A. Not right then at that point in time. It was a couple weeks later that I talked to him about that. . . . It was before surgery right after I gave him that letter.
. . . .
Q. What specifically did you tell [Duke]?
A. That I want—this one’s going to be covered under Workmen’s Comp. and he was going to look into it.
Substantial evidence supports the appellate panel’s finding that Johnson gave timely notice to Santee Cooper of his injury.
III. Temporary Disability Benefits
Santee Cooper argues the appellate panel erred in awarding Johnson temporary disability benefits because “there is no evidence to support a finding that [Johnson] was incapable of earning his pre-accident wages after April 29, 2002.” We disagree.
The appellate panel awarded Johnson temporary disability benefits from January 3, 2002 through December 18, 2002. It is undisputed that Johnson was under work restrictions during the period from January 3, 2002 through December 18, 2002. On July 17, 2002, Dr.
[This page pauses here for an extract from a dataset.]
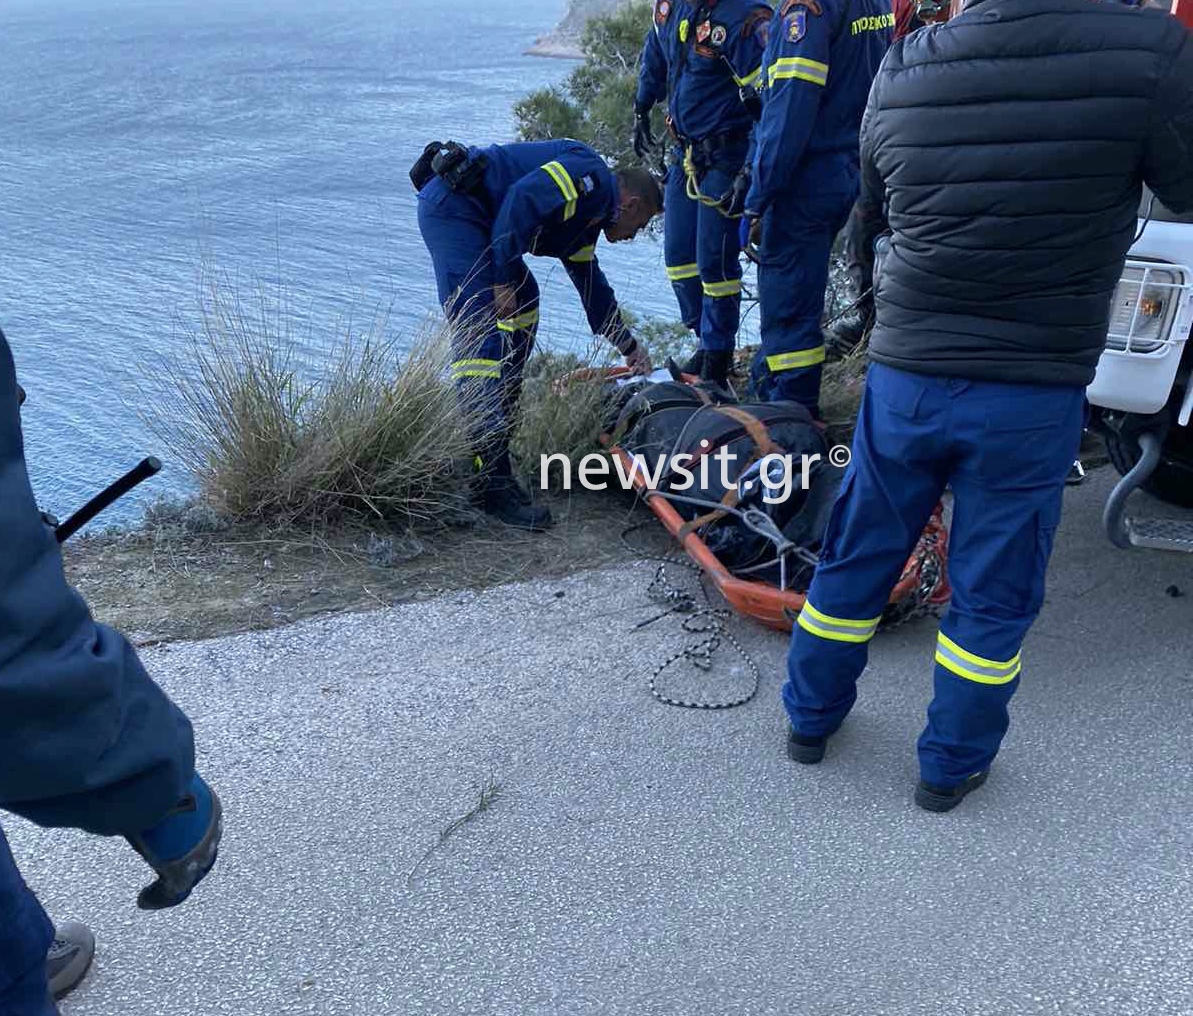 Θρίλερ στην Κερατέα: Νεκρός ο 25χρονος οδηγός που έπεσε σε 70 μέτρα γκρεμό στην Κακιά Θάλασσα[photos]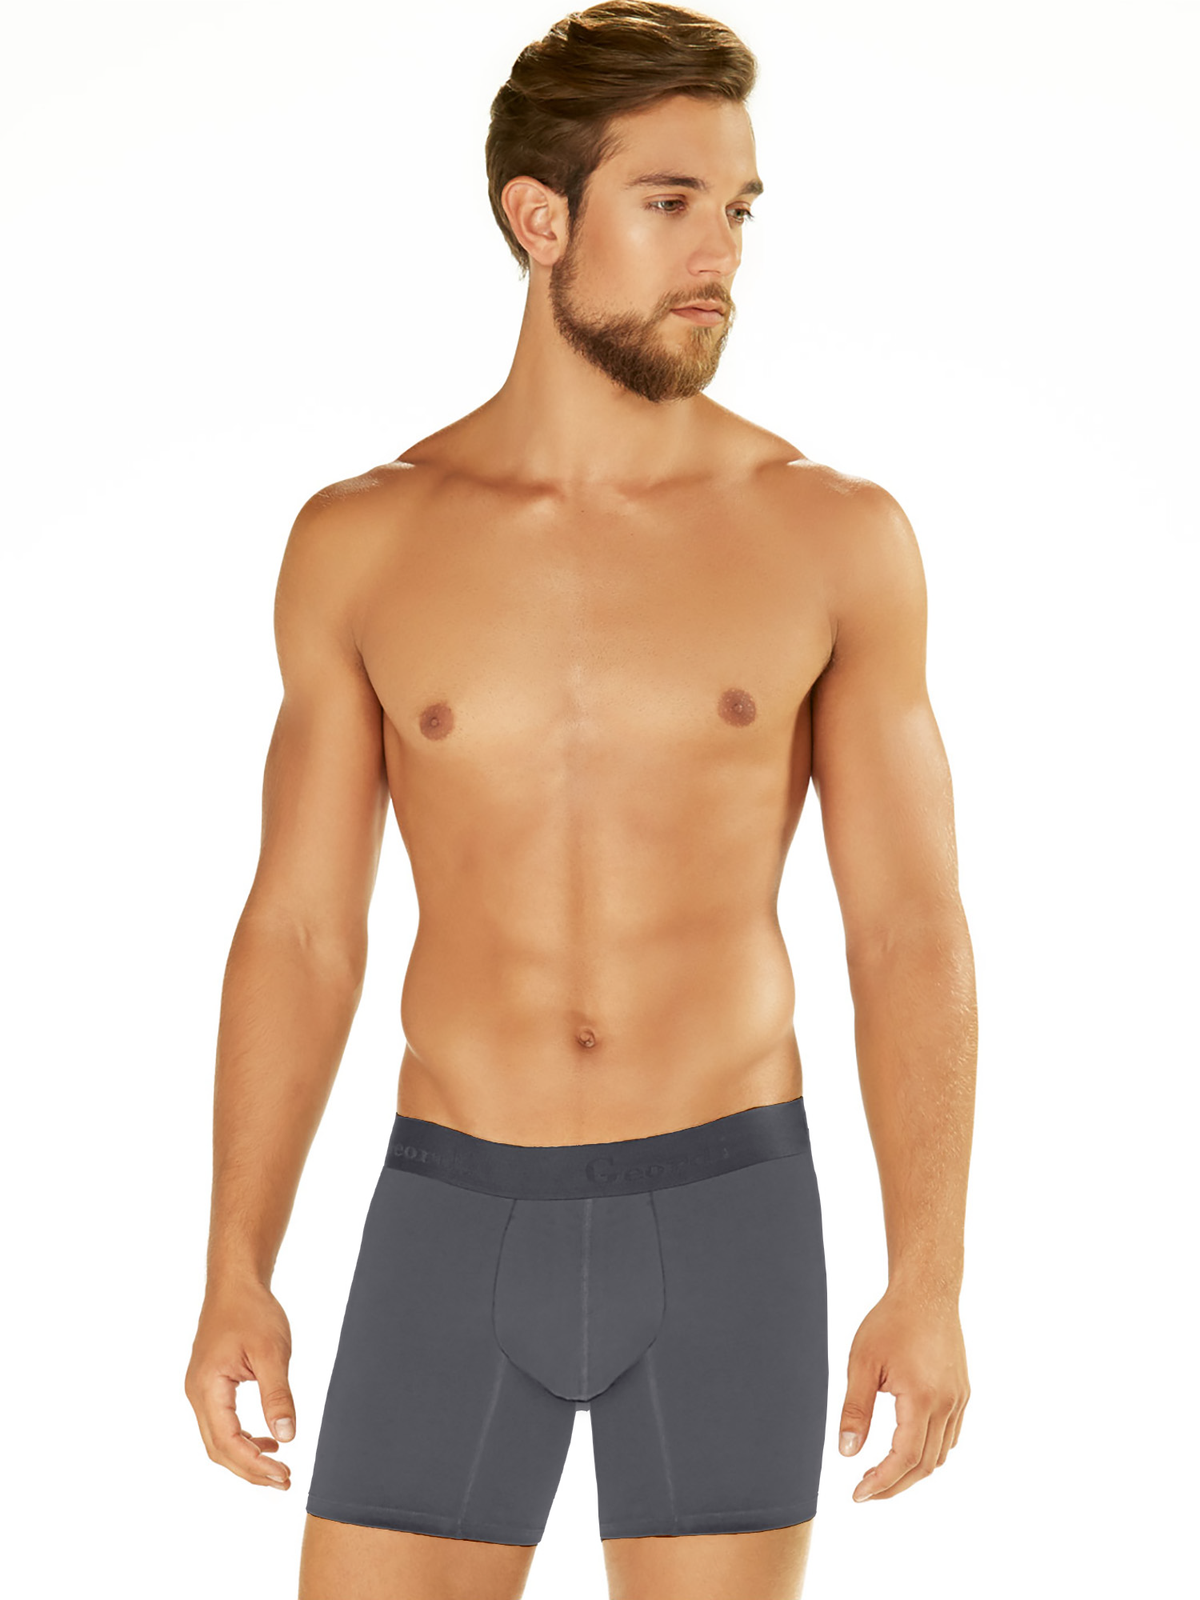 Geordi 5172 Boxer Briefs underwear for men

Kammer filled out Santee Cooper’s own IWA form. Dr. Kammer wrote: “This employee has been unable to work since January ‘02 [and] will be able to return to full-duty work on possibly January ’03.” Dr. Kammer further noted: “Light duty only. May not lift or carry more than thirty pounds (30 lbs.). Will reassess patient in December’02.” On the same form, Duke noted a fifty pound lifting requirement and indicated no light duty work was available.
Johnson was on light duty and Santee Cooper offered no employment within Johnson’s restrictions. Santee Cooper contends, notwithstanding its failure to offer suitable employment, that “[h]aving failed to make any effort to secure employment, [Johnson] cannot satisfy his burden of proof that he is entitled to any temporary disability compensation.” This assertion is meritless.
The Workers’ Compensation Act provides that the employer must either offer suitable employment within the injured worker’s capacity, or pay temporary total disability compensation. See S.C. Code Ann. § 42-9-190 (1985); Last v. MSI Constr. Co., 305 S.C. 349, 409 S.E.2d 334 (1991). An employer is required to pay temporary compensation “[w]hen the incapacity for work resulting from an injury is total.” S.C. Code Ann. § 42-9-10 (Supp. 2005). The term “disability” is defined as “incapacity because of injury to earn the wages which the employee was receiving at the time of injury in the same or any other employment.” S.C. Code Ann. § 42-1-120 (1985). “Disability is presumed to continue until the employee returns to work.” 25A S.C. Code Ann. Regs. 67-502(B)(2) (Supp. 2005); 25A S.C. Code Ann. Regs. 67-506(A) (Supp. 2005). Temporary total disability benefits are available up until the date of maximum medical improvement. See Hendricks v. Pickens County, 335 S.C. 405, 517 S.E.2d 698 (Ct. App. 1999).
Per Dr. Kammer, Johnson was disabled from his job at Santee Cooper until December 18, 2002, when Dr. Kammer released him at maximum medical improvement. Santee Cooper offered no suitable employment within Johnson’s capacity. Because he was still disabled due to his injury, Johnson was entitled to temporary compensation until he reached maximum medical improvement.
The appellate panel correctly awarded temporary total disability when Johnson was completely out of work and then temporary partial disability when Johnson returned to his part-time job at Rickenbaker Cotton Gin.
HEARN, C.J., ANDERSON, and KITTREDGE, JJ., concur.